**Instructions for the task**.
As you reproduce every line below, keep it exactly as written and leave out the images.

**Data shown**.

######

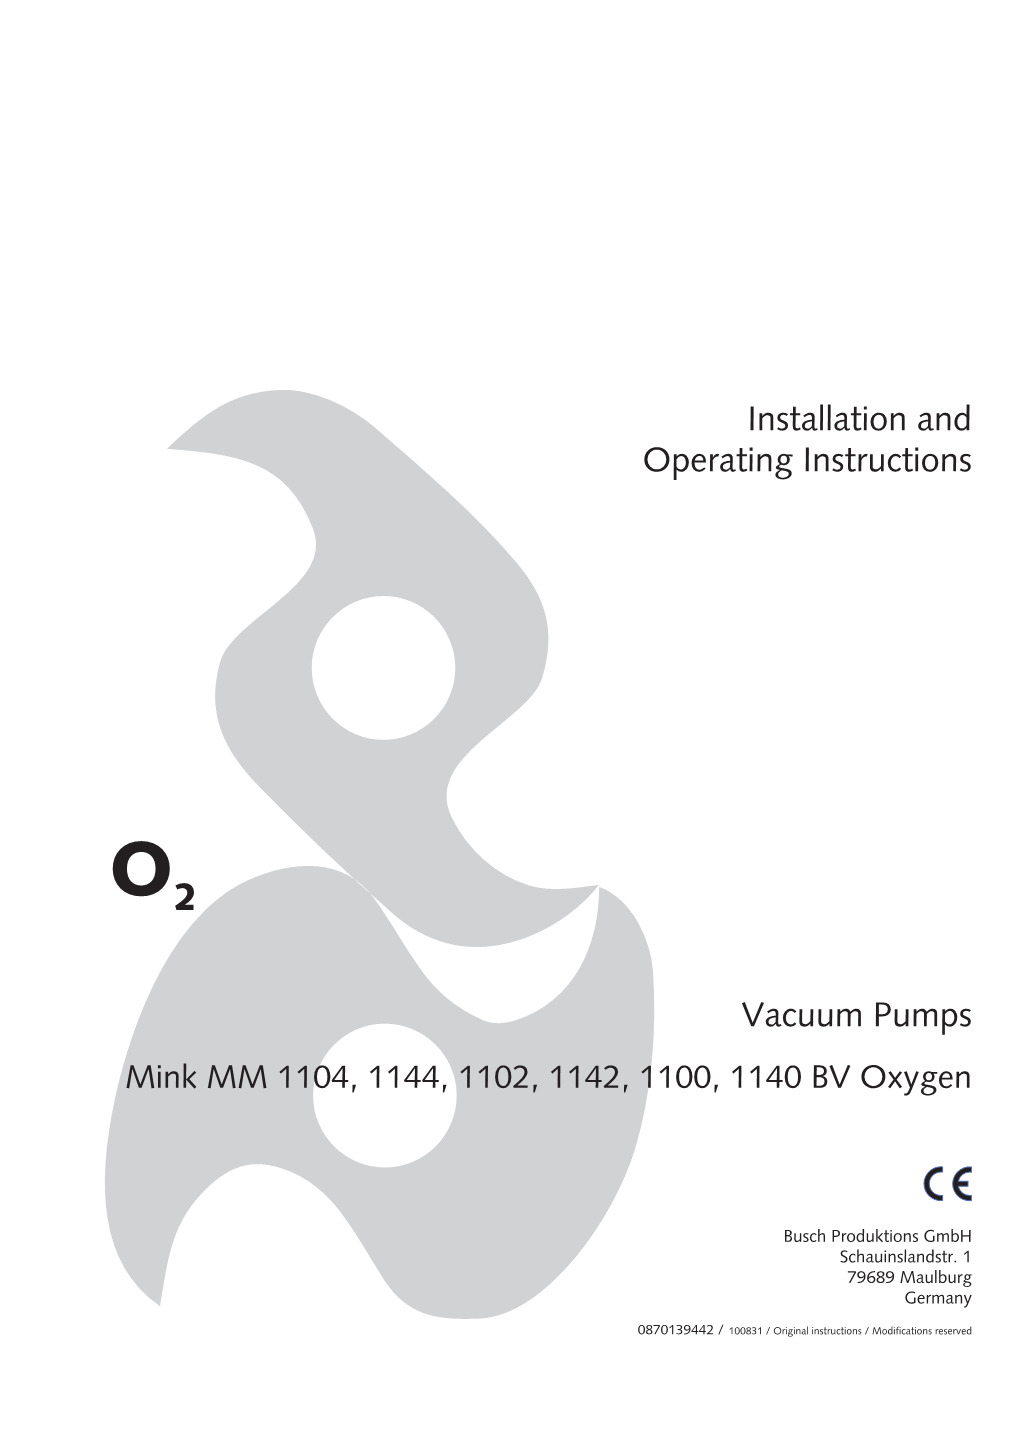 Installation and Operating Instructions Vacuum Pumps
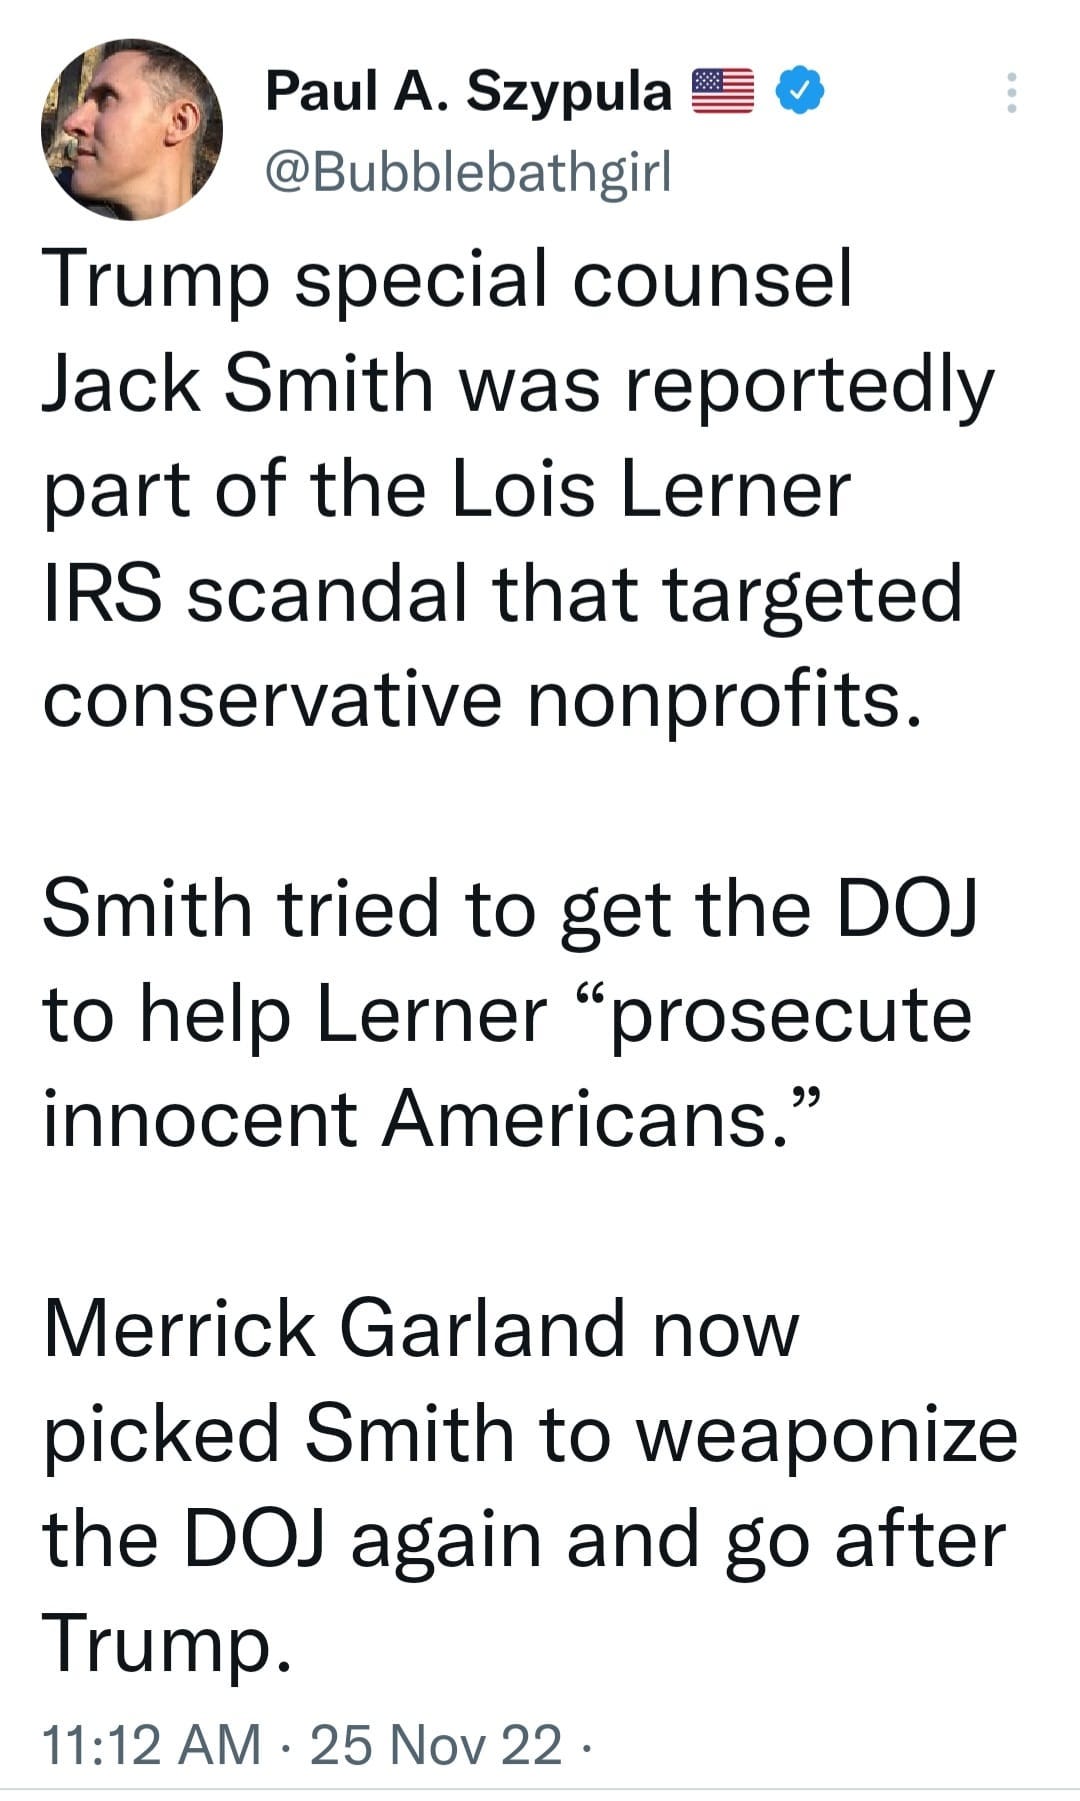 May be an image of 1 person and text that says 'Paul A. Szypula @Bubblebathgirl Trump special counsel Jack Smith was reportedly part of the Lois Lerner IRS scandal that targeted conservative nonprofits. Smith tried to get the DOJ to help Lerner "prosecute innocent Americans." Merrick Garland now picked Smith to weaponize the DOJ again and go after Trump. 11:12 AM 25 Nov 22. 22'
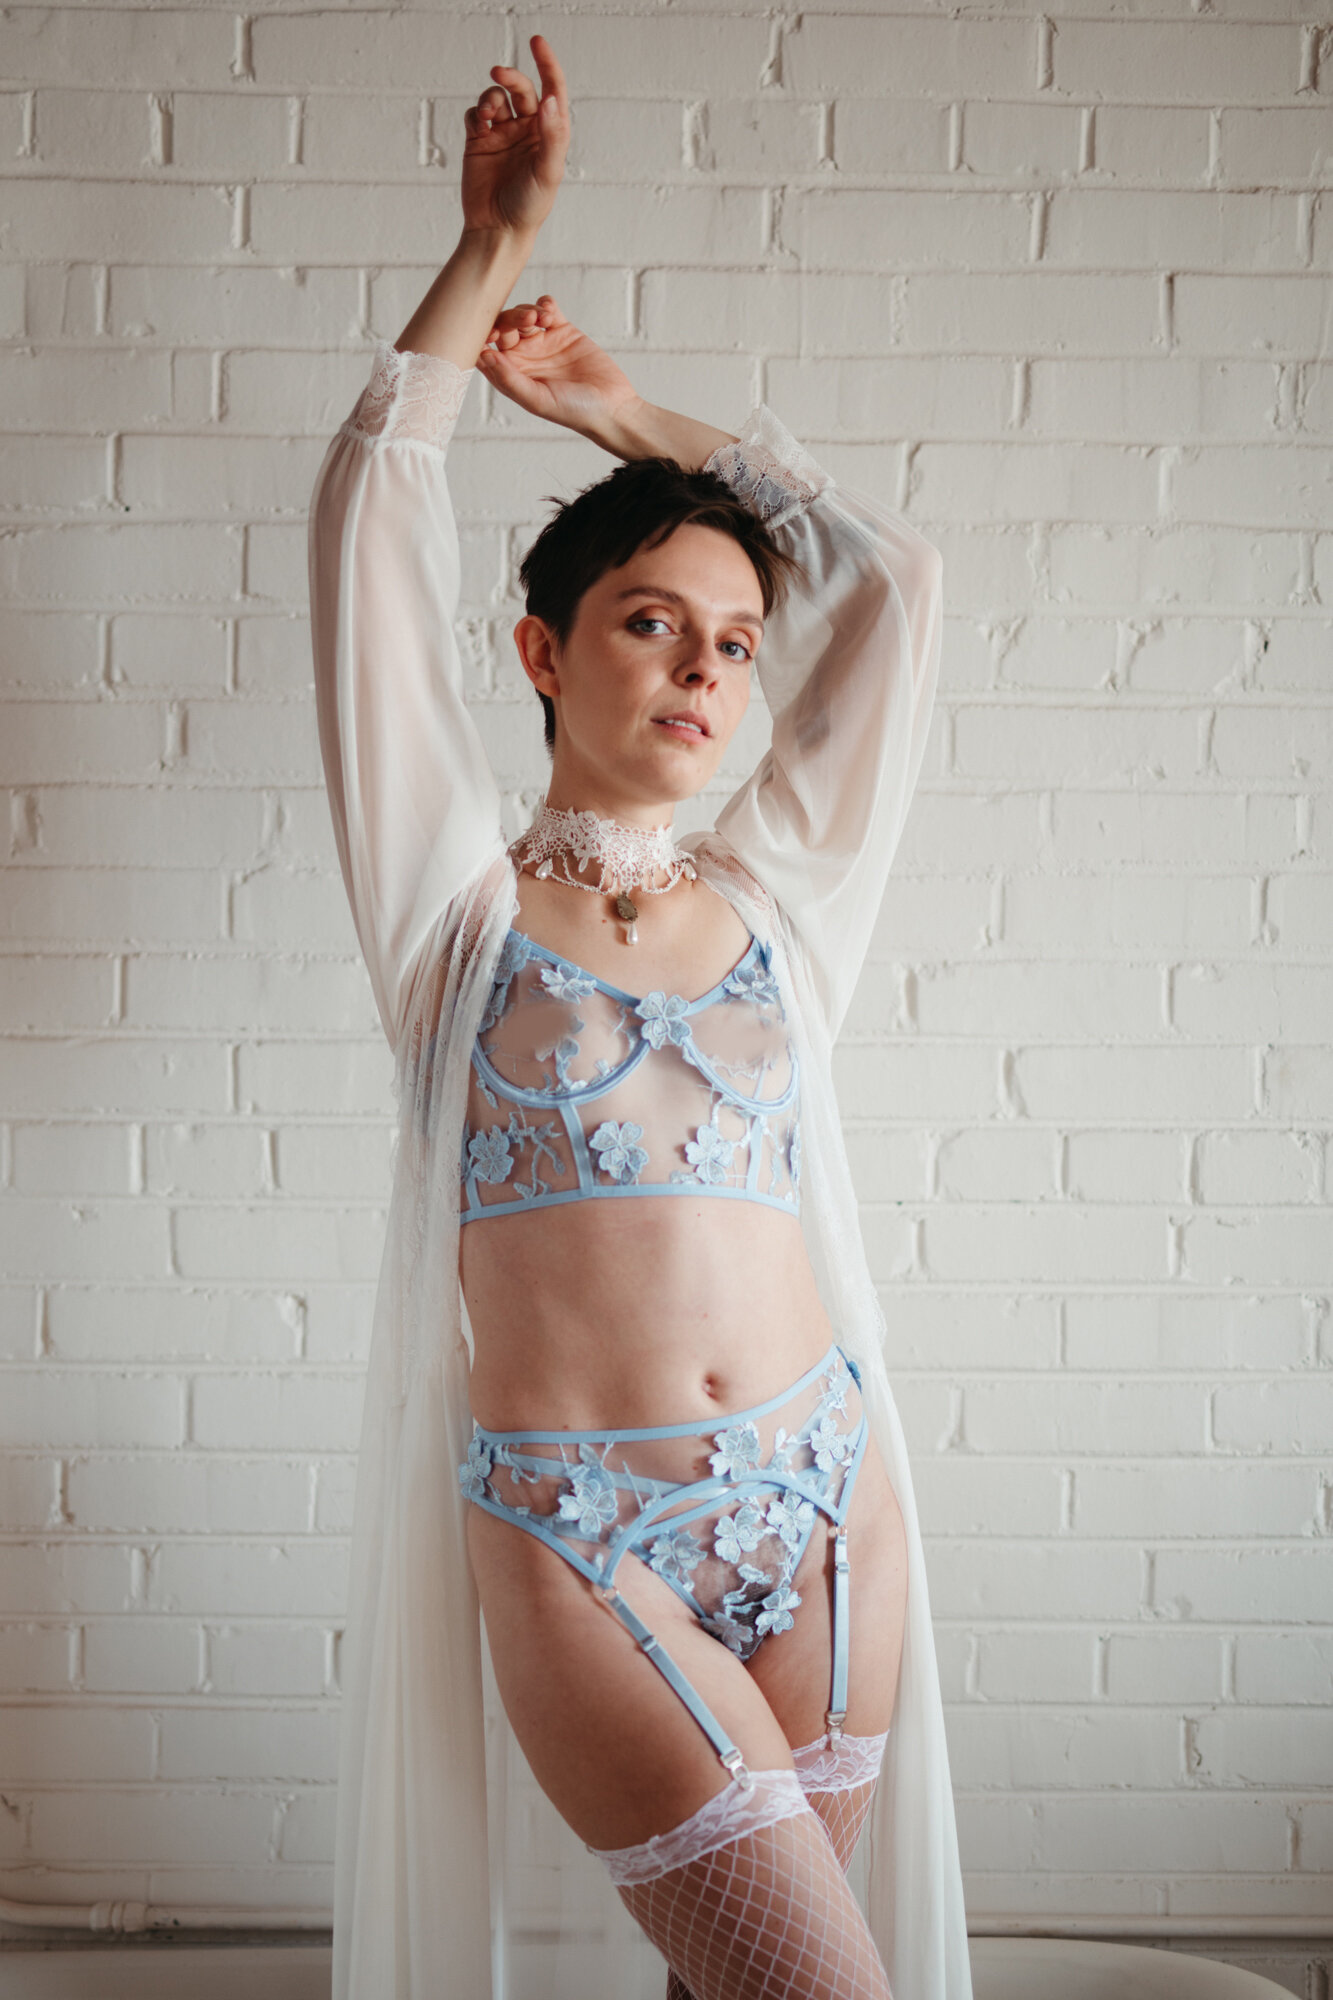 Genderqueer person wearing victorian style blue lingerie and a white robe reaching upwards

######

**Your solution**.
 Installation and Operating Instructions Vacuum Pumps
 May be an image of 1 person and text that says 'Paul A. Szypula @Bubblebathgirl Trump special counsel Jack Smith was reportedly part of the Lois Lerner IRS scandal that targeted conservative nonprofits. Smith tried to get the DOJ to help Lerner "prosecute innocent Americans." Merrick Garland now picked Smith to weaponize the DOJ again and go after Trump. 11:12 AM 25 Nov 22. 22'
 Genderqueer person wearing victorian style blue lingerie and a white robe reaching upwards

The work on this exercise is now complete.